Jóhanna Kristín Yngvadóttir (1953-1991)
Jóhanna Kristín Yngvadóttir was born in Reykjavík in 1953. In 1972-76 she studied at the Icelandic College of Art and Crafts, in 1976-77 at the De Stichting de Vrije Academie in Hague, and in 1977-80 at the Rijksacademie van Beeldende Kunsten in Amsterdam, Holland. A resurgence took place in painting in the early 1980s when the "New Wave" or "New Painting", originating from Germany and Italy, swept Europe. Like the new painters, Jóhanna Kristín reassesses expressionism and uses it as the starting-point for personal creation. In particular she seems to have looked towards the Die Brücke group that was founded in Dresden in 1905, and her sensitive and frank interpretation of her subject reveals an affinity with the works of the Norwegian painter Edward Munch (1863-1944).

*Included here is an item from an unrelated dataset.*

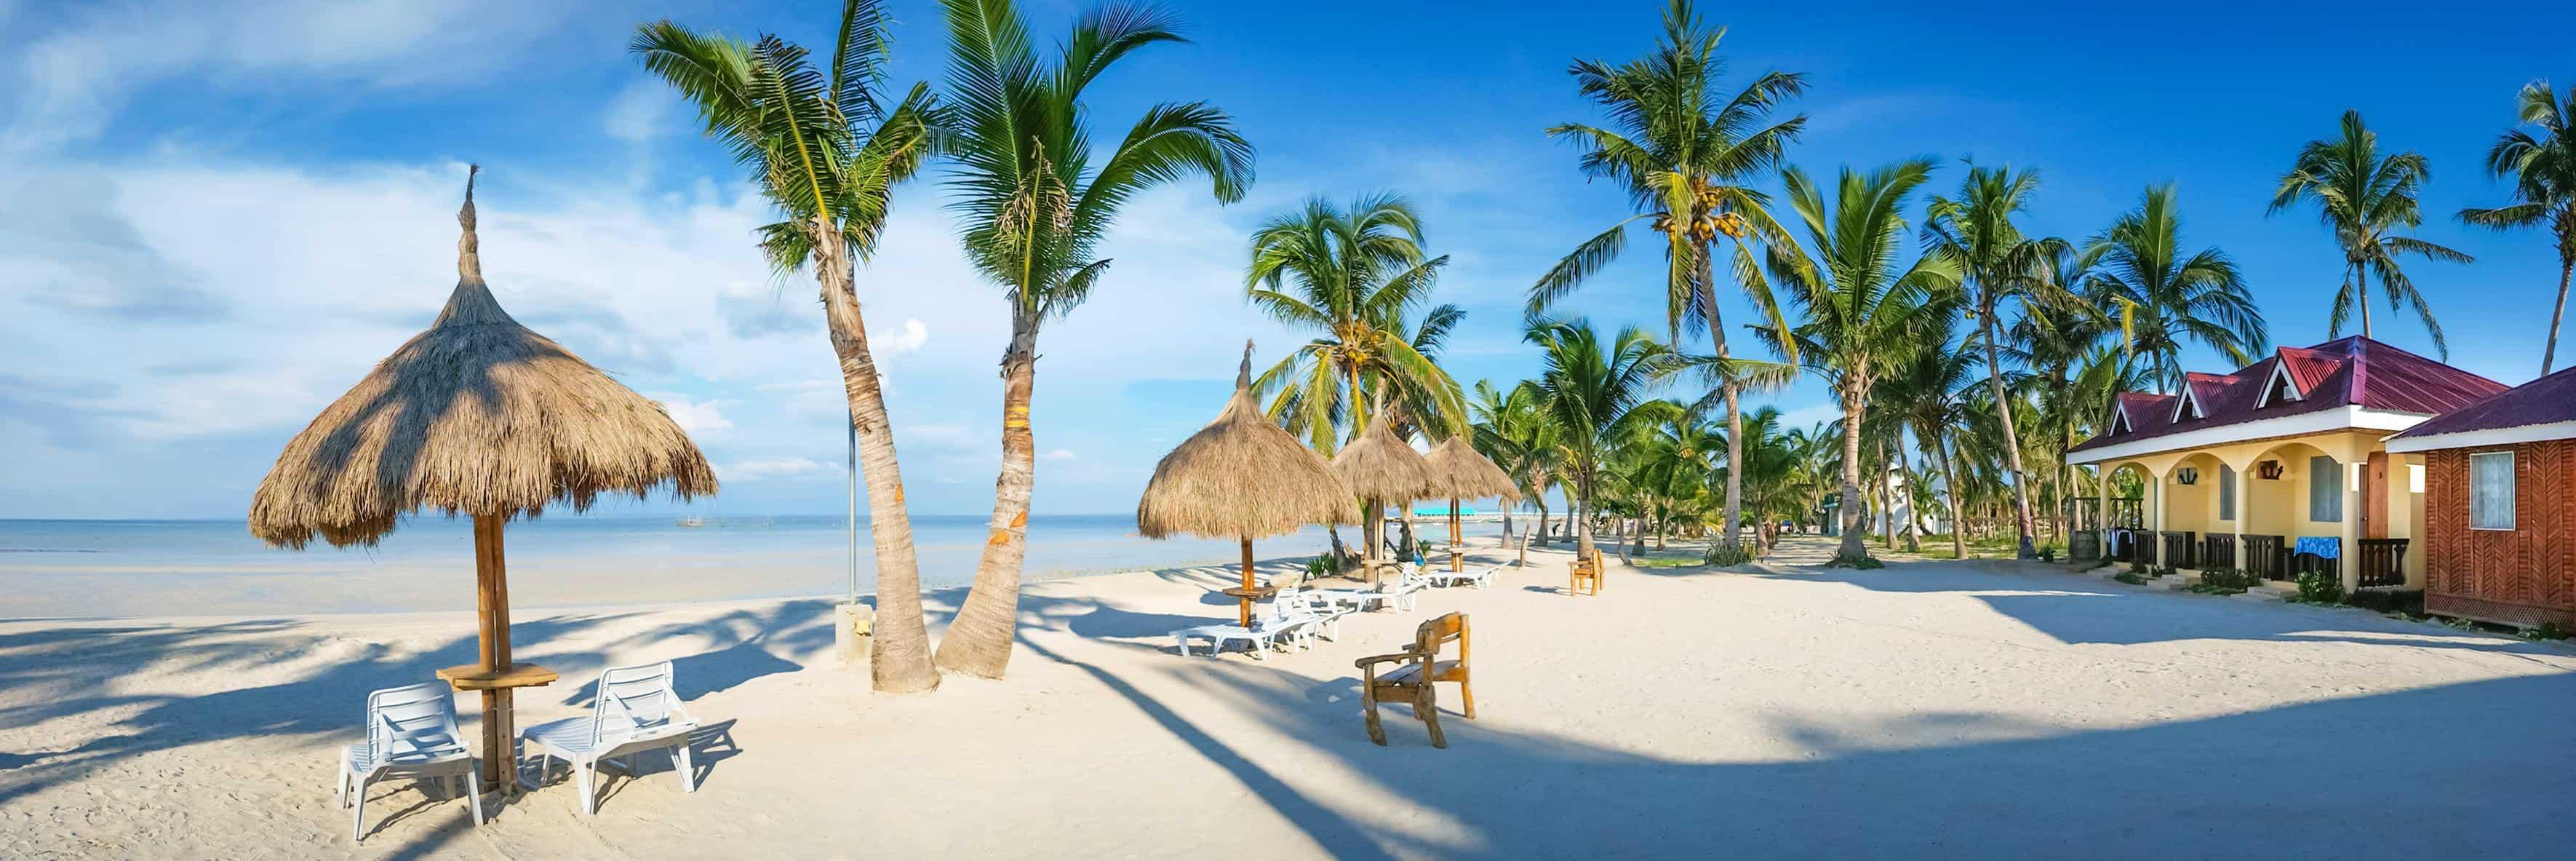 Beach Placid Resort Bantayan Cebu (3)

In her works, Jóhanna Kristín generally did not formalize the external appearance or features of her models, using instead the stuff of daily life - people around her and no less herself - to interpret deep human truths beyond the mundane. This sensitive emotional insight and interpretation plays along the entire scale of feelings, but in the course of time, sorrow, fear and desperation are given the most space. She used internal and external reality alike as raw material to mediate deep-rooted emotions, and the conceptual world appearing on her canvases is often chilling. Yngvadottir died in March 1991, after prolonged periods of ill-health.